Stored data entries
++++++++

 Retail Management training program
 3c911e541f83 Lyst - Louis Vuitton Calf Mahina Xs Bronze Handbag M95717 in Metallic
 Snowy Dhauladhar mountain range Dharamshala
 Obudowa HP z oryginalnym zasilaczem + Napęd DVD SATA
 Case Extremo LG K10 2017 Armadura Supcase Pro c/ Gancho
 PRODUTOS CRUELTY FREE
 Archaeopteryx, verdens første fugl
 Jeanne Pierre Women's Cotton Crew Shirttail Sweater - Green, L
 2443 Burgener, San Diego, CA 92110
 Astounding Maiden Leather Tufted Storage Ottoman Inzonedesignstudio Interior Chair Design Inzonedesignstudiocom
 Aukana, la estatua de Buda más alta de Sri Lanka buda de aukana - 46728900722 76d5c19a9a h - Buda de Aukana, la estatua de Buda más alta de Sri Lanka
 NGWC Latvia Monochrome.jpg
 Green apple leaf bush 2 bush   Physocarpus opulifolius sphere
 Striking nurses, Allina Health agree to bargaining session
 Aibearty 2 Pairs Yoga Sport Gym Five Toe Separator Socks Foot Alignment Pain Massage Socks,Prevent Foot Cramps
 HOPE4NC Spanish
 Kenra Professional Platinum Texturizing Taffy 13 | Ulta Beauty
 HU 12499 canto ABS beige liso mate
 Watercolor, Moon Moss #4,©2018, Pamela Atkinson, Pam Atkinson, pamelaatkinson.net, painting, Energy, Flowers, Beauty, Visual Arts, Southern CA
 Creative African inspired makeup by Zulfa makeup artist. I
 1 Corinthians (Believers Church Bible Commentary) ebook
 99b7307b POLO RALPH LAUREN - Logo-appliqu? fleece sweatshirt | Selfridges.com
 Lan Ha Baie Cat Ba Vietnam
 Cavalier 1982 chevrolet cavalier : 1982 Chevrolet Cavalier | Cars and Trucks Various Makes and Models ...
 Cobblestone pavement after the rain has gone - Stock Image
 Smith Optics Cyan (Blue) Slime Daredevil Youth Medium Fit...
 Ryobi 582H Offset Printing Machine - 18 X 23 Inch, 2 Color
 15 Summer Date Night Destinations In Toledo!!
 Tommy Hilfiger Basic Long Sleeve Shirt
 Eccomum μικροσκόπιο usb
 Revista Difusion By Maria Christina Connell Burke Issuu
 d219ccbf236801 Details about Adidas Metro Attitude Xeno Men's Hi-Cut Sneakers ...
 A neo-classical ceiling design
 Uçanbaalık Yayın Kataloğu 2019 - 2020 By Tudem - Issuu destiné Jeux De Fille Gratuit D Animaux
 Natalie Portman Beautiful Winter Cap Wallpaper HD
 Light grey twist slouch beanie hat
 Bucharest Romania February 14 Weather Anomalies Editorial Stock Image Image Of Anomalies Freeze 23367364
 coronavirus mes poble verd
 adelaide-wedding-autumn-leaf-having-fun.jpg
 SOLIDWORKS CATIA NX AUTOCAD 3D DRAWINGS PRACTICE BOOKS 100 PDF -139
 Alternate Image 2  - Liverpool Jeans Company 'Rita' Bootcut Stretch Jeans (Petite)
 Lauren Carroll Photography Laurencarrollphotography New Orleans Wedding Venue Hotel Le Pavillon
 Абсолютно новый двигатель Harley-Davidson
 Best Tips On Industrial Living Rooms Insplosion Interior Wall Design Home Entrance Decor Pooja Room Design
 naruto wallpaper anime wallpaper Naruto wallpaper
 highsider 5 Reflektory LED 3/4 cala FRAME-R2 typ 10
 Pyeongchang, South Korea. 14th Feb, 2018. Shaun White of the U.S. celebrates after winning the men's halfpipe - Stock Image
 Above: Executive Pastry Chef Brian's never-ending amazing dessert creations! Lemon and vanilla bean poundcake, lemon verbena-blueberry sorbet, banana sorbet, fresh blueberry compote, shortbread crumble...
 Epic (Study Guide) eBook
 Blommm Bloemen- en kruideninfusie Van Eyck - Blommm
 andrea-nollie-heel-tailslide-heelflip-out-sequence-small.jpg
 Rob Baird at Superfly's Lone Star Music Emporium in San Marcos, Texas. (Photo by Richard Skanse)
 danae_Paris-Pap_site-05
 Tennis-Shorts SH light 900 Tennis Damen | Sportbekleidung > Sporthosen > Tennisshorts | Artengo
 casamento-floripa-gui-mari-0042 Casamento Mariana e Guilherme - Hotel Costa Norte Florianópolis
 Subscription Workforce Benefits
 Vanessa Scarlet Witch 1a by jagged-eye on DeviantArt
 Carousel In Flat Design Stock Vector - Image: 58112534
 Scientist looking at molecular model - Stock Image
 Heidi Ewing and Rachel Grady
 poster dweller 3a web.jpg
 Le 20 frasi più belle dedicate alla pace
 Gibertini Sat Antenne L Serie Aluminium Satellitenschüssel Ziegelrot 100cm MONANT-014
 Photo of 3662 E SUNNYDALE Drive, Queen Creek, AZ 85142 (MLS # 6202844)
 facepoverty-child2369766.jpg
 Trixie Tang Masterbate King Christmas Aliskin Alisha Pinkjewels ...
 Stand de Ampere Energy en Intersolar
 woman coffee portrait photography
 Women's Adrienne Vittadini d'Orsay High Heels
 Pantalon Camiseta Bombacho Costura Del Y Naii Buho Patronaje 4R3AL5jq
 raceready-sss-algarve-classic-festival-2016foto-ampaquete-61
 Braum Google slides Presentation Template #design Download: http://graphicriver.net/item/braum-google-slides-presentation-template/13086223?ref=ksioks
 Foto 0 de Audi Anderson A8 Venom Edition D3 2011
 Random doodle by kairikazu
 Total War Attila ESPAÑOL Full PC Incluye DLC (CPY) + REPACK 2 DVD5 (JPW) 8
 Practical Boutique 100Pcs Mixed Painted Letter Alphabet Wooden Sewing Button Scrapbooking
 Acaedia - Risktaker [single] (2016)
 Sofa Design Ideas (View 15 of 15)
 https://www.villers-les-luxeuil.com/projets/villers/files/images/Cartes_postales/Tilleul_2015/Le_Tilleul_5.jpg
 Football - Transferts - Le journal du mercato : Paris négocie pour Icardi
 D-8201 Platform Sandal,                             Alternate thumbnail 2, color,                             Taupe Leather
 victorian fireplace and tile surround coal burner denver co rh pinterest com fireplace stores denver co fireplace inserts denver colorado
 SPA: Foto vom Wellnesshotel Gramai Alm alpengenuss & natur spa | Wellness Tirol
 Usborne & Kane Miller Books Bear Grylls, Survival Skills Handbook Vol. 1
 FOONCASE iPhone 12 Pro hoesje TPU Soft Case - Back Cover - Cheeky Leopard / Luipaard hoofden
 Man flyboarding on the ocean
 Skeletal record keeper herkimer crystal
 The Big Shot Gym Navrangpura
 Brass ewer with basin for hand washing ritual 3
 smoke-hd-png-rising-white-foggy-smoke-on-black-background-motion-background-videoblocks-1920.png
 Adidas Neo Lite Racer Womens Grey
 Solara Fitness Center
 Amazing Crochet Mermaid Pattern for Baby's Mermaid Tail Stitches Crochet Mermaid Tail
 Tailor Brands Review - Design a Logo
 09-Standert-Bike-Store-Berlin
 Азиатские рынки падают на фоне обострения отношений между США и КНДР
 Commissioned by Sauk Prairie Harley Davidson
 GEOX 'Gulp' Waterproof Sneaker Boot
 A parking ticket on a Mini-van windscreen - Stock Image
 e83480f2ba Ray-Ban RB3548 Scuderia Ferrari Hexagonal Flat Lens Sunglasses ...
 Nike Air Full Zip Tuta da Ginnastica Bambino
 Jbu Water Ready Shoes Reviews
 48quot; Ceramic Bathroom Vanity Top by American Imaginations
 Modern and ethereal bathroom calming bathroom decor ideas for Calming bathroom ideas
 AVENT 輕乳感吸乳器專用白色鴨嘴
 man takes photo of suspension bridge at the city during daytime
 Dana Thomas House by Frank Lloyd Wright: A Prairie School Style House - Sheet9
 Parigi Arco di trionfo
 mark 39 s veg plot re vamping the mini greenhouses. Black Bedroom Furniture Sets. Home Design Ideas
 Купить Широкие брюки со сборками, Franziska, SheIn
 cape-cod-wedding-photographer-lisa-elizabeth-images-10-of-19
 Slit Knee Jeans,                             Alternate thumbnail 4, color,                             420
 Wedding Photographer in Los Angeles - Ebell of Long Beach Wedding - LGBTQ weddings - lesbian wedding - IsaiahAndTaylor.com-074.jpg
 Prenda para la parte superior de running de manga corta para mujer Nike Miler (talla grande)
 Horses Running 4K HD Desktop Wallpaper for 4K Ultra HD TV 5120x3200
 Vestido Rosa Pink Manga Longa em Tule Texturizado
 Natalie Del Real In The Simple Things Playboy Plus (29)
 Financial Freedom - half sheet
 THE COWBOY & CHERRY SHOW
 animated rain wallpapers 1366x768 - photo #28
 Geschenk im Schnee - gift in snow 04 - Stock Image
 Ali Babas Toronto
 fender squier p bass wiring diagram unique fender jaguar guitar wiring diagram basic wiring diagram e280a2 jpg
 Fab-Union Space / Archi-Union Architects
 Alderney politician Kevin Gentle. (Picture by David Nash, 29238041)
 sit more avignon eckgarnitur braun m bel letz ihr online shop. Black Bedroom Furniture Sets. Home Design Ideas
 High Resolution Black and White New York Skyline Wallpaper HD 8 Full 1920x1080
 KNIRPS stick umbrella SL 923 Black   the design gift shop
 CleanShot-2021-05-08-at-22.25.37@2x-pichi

++++++++

In the entries above, how many lines hold the word "Beauty"? State the number only.

2